I am not aware of any systematic attempt to study these things. My own opinion is formed from a somewhat casual reading of Matt Ridley's Rational Optimist, Jared Diamond's Guns Germs and Steel and Collapse, and probably a few other books that don't leap to mind. These books have plenty of citation of studies if you are interested.
I think you would be hard pressed to find any existing "significant" country that does not engender a strong belief in patriotism among its populace, which does not lionize especially those who have given their lives in wars on behalf of the country. If you can think of any significant counter examples among the 50 richest or 50 most populous countries, please let me know. I am essentially hypothesizing that the scarcity of genteel foreigner-loving pacifist countries among the richest and most populous is not a mere coincidence.
I think you would be hard pressed to find any existing "significant" country that does not engender a strong belief in patriotism among its populace, which does not lionize especially those who have given their lives in wars on behalf of the country.
You're begging the question here, by slipping in the assumption that these wars are "on behalf of the country," rather than on behalf of the executive (e.g. president), on behalf of some vested interest, or just colossal f*-ups.

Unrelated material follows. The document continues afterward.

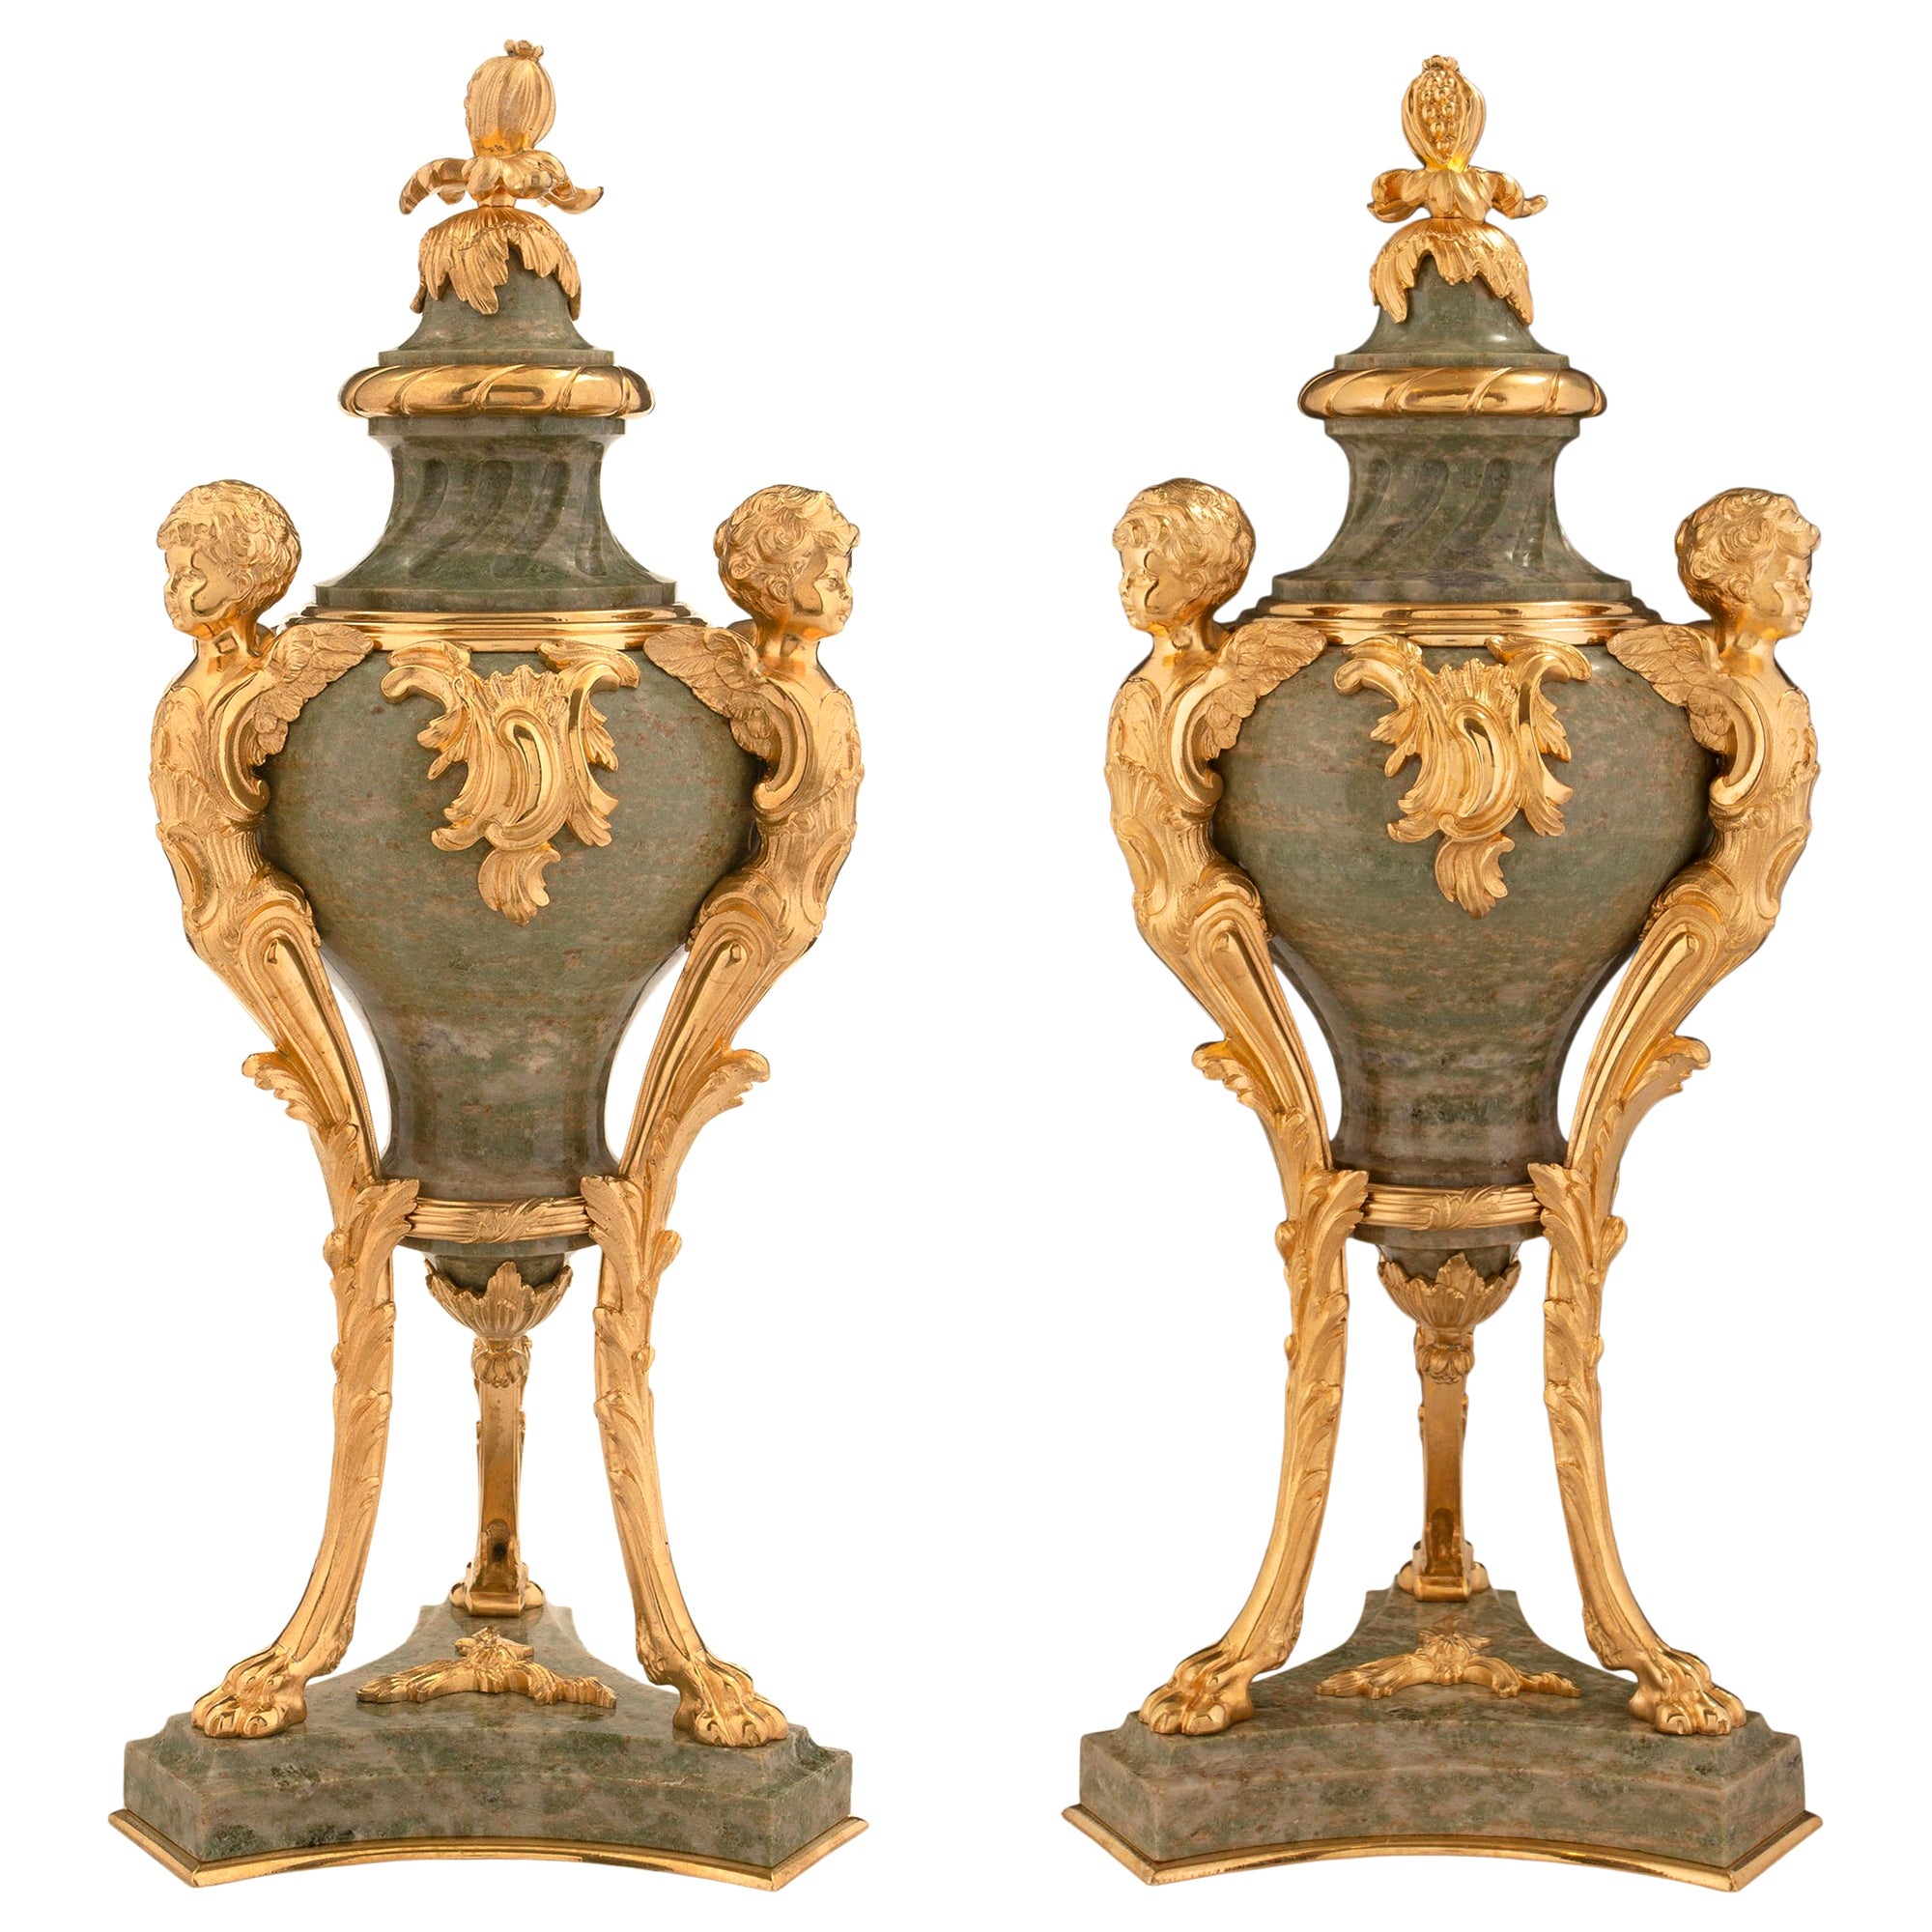 Pair of French 19th Century Louis XVI Style Green Marble and Ormolu Lidded Urns For Sale

To repeat what the author said,
"If a death is just a tragedy... [y]ou have to acknowledge that yes, really, ... thousands of people -- even the Good Guy's soldiers! -- might be dying for no good reason at all."
Learning about useful models helps people escape anthropomorphizing human society or the economy or government. The latter is particularly salient. I think most people slip up occasionally in assuming that say something like the United States government can be successfully modelled as a single agent to explain most of its "actions".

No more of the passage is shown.